# New Comer to the forum and Dubai



## catgor_99 (Nov 26, 2008)

Hi Everybody!!

I've been reading the forum with great interest and have read some realyy good advice. I am moving to Dubai on 8 Dec 2008 from Ireland and fortunatly have been given 22500 AED per month and an Apartment.

Unfortunatly I do not know where the Apartment is located as yet and this may worry me as I dont know the areas. I have never been to dubai so this may scare me.

My main problem is that my Girlfriend will join me in Feb 2009 and she will require a job. ( I'm awarw of co-habiting) 
I will need to keep her entertained so she wont get homesick -- what can you do to keep her entertained or will there be plenty for her to do by herself.


----------



## Elphaba (Jan 24, 2008)

Hello & welcome! 

Good luck with your move and don;t be shy about asking questions. Glad to see you are aware of potential problems too. 

There is loads to do, especially when you/your girlfriend first get here. I could give you a list that would take her weeks to get through - not all of it pricey either.


-


----------



## Andy Capp (Oct 5, 2008)

catgor_99 said:


> Hi Everybody!!
> 
> I've been reading the forum with great interest and have read some realyy good advice.

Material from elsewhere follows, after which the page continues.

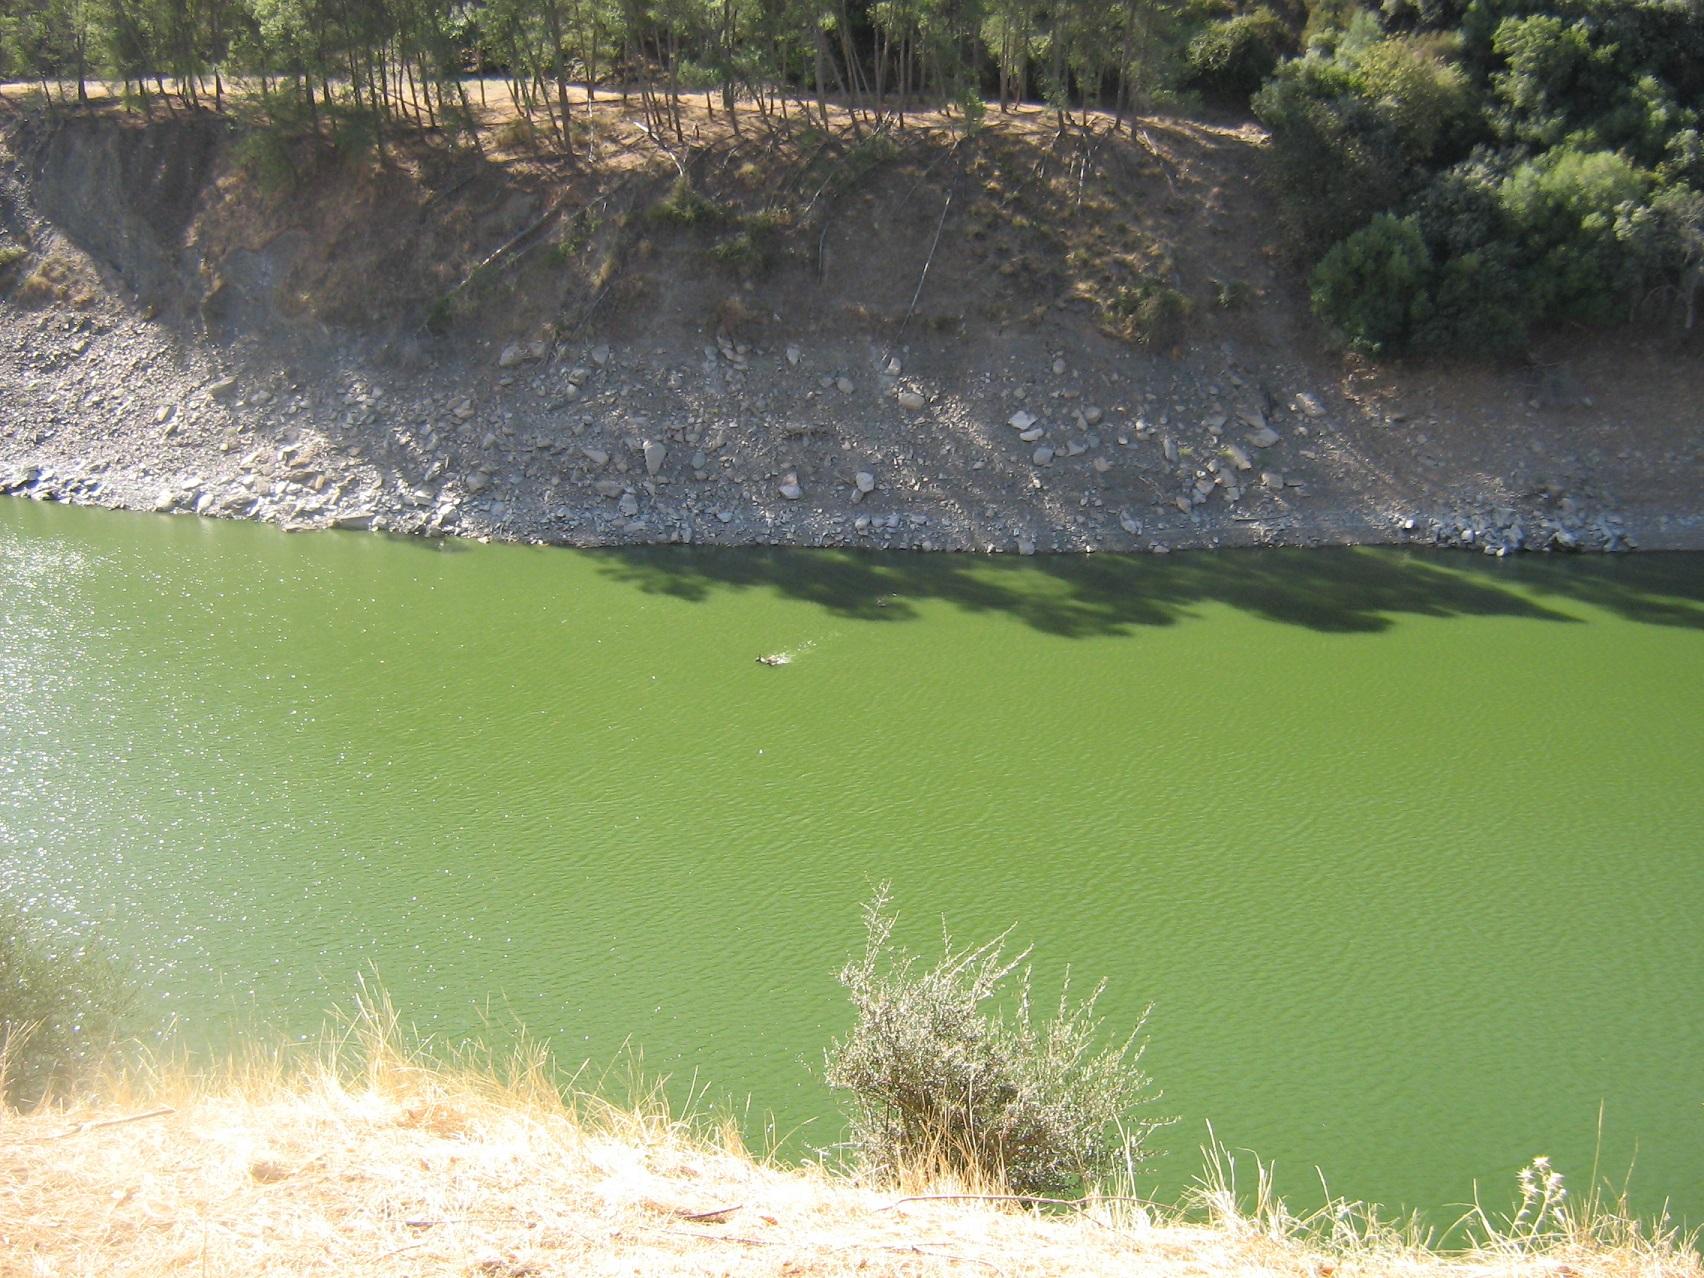 Ciervos nadando en el río, de lejos (voy cruzando el río parecen decir)

I am moving to Dubai on 8 Dec 2008 from Ireland and fortunatly have been given 22500 AED per month and an Apartment.
> 
> ...



*That has got to be one of the all time classic lines I've ever seen, *​


----------



## Elphaba (Jan 24, 2008)

You have a filthy mind... 


-


----------



## catgor_99 (Nov 26, 2008)

Thanks Andy, You must be the resident joker!!!

Seriously though I'm sure there are lots of bad reas my company can put me and pay cheaper rent.

My Girlfriend is a home bird and keeping her entertained without a job is gonna be a hard task!!


----------



## Andy Capp (Oct 5, 2008)

I suggest you avoid Dubai full stop then....


----------



## Maz25 (Jul 6, 2008)

Elphaba said:


> You have a filthy mind...
> 
> 
> -


I agree but at least he made me smile!!


----------